Background information
- Born: Elina Netšajeva 10 November 1991 (age 34) Tallinn, Estonia
- Genres: Opera; operatic pop; classical crossover;
- Occupation: Soprano
- Instruments: Vocals
- Years active: 2009–present
- Website: www.elinanechayeva.com

= Elina Nechayeva =

Estonian soprano

Elina Nechayeva (Elina Netšajeva; born 10 November 1991) is an Estonian soprano. She represented Estonia in the Eurovision Song Contest 2018 in Lisbon, Portugal, with the song "La forza".

==Career==
In 2009, she made her public debut in the third season of Eesti otsib superstaari, where she participated, but was eliminated in the preliminary girls' round. She graduated from Tallinn French School in 2011. She participated in the ETV competition Klassikatähed 2014 and was one of the three finalists. In 2016, she graduated from the Estonian Academy of Music and Theatre with a master's degree in classical singing. Nechayeva was one of the hosts for the semi-finals of Eesti Laul 2017, along with Marko Reikop. On 3 March 2018, Nechayeva won Eesti Laul 2018 with the Italian-language song "La forza", and she represented Estonia in the Eurovision Song Contest 2018 and came in 8th in the Grand Final.

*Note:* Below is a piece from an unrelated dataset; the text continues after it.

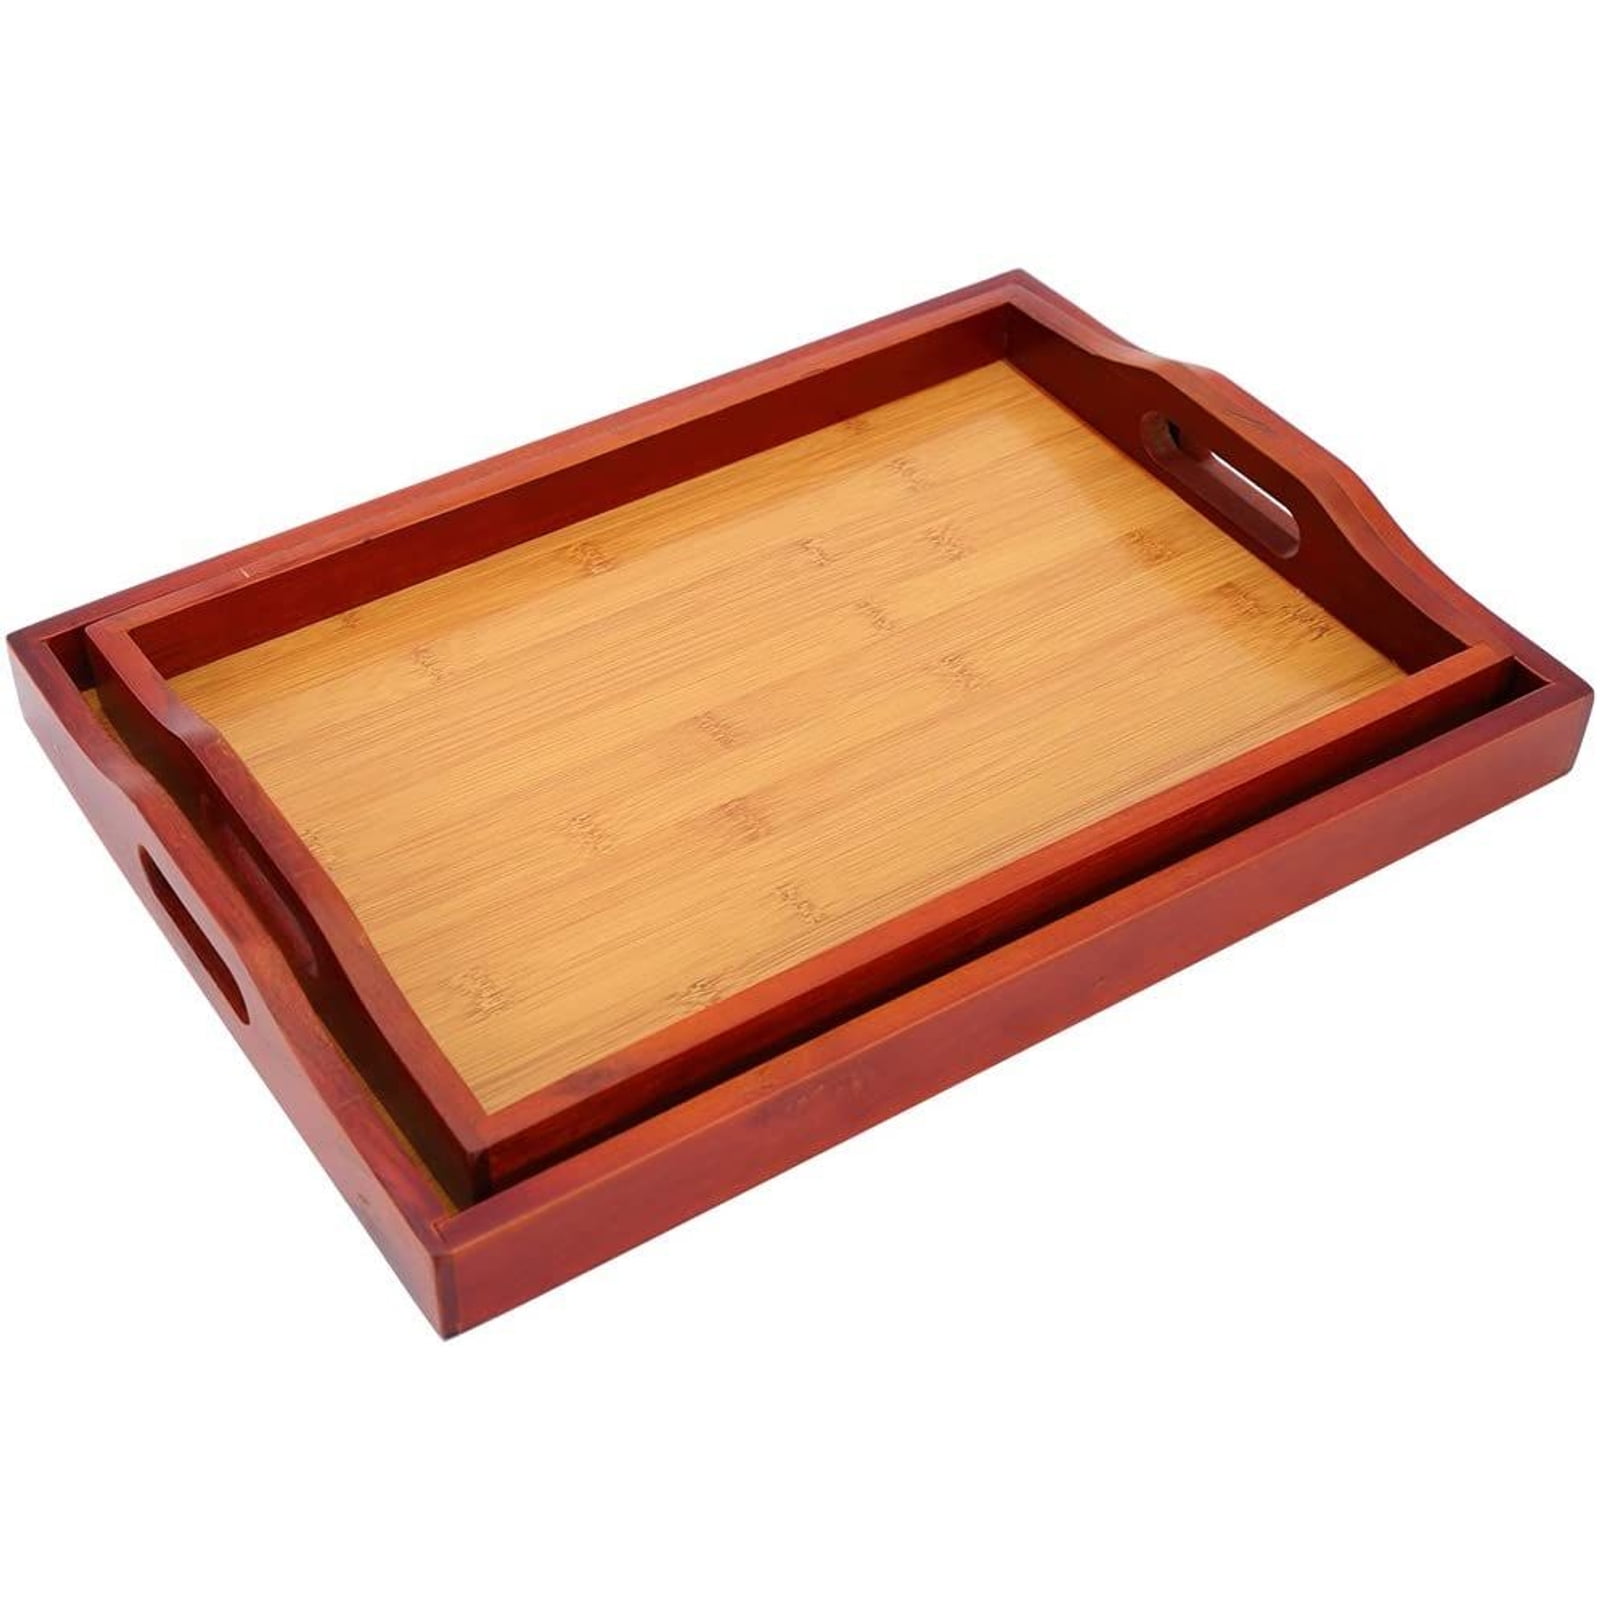 High Grade Wooden Serving Tray with Handles/Serving Tea Breakfast Wood Kitchen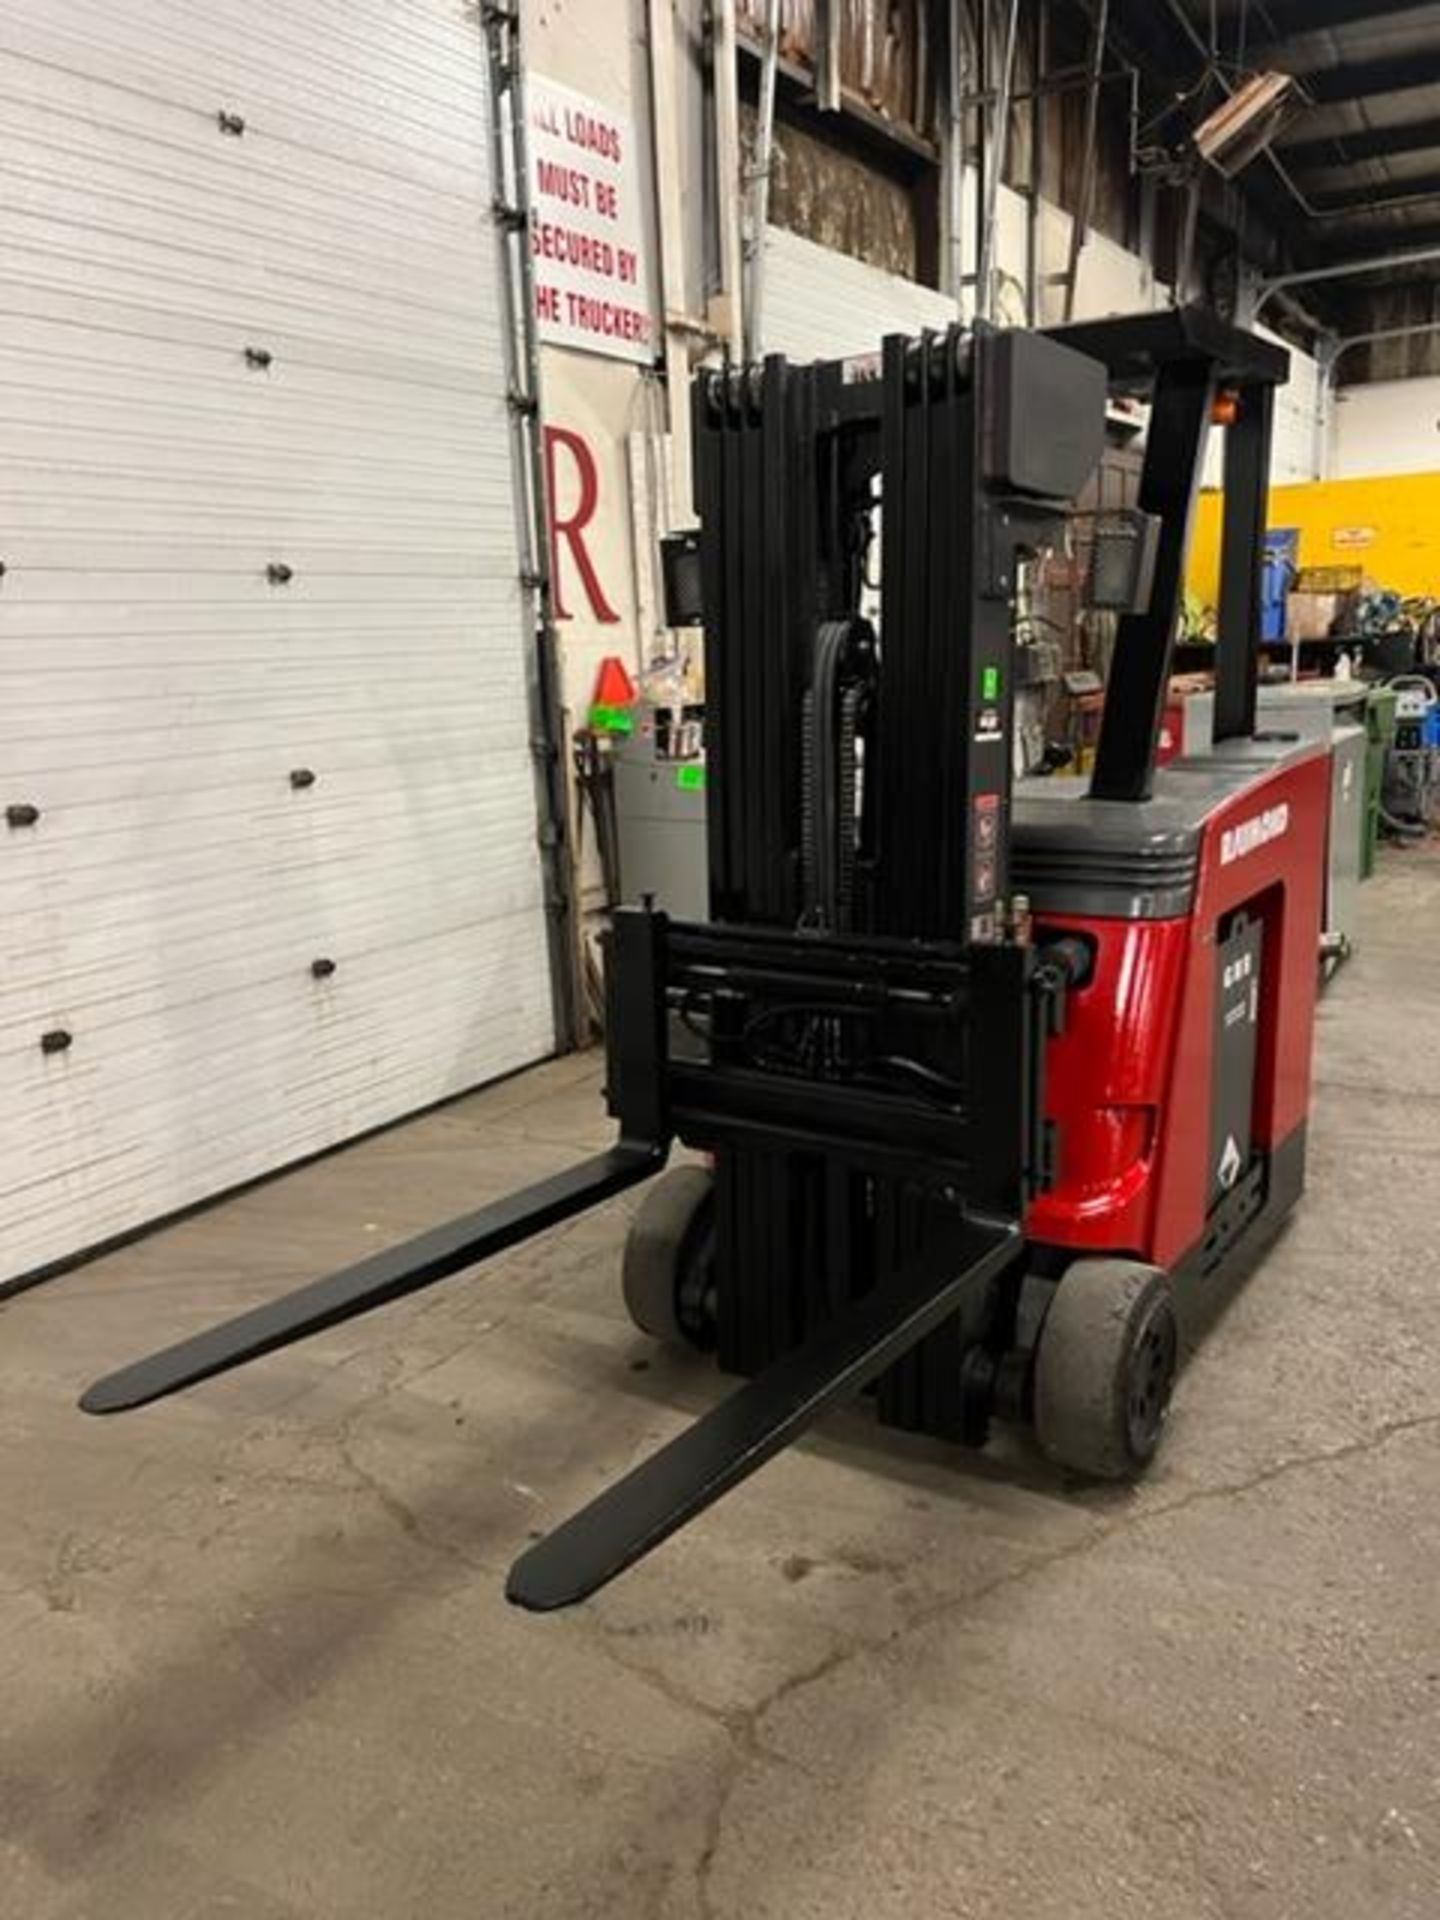 FREE CUSTOMS - NICE Raymond Stand Up Counterbalance Forklift Truck 4-STAGE MAST Pallet Lifter - Image 3 of 4

She also made an appearance in the 2020 American musical comedy film Eurovision Song Contest: The Story of Fire Saga.

She finished second in the second season of the Estonian version of Masked Singer, playing ‘the Phoenix’.

She returned to Eesti Laul in 2022 with the song "Remedy", written by Sven Lõhmus and finishing 8th in the final.

In theatre, she has played Giannetta in Donizetti's "L’elisir d’amore", Juliette Vermont Lehár's "The Count of Luxembourg", Fire's Shadow/Princess’ Shadow/The Nightingale in Ravel's "L’enfant et les sortileges" and Eurydike in Offenbach's "Orpheus in the Underworld". She has also appeared in drama roles and played Eliza Doolittle in Loewe's "My Fair Lady".

==Personal life==
In December 2017, she anglicized her stage name changing its spelling from Netšajeva to Nechayeva, with the same pronunciation.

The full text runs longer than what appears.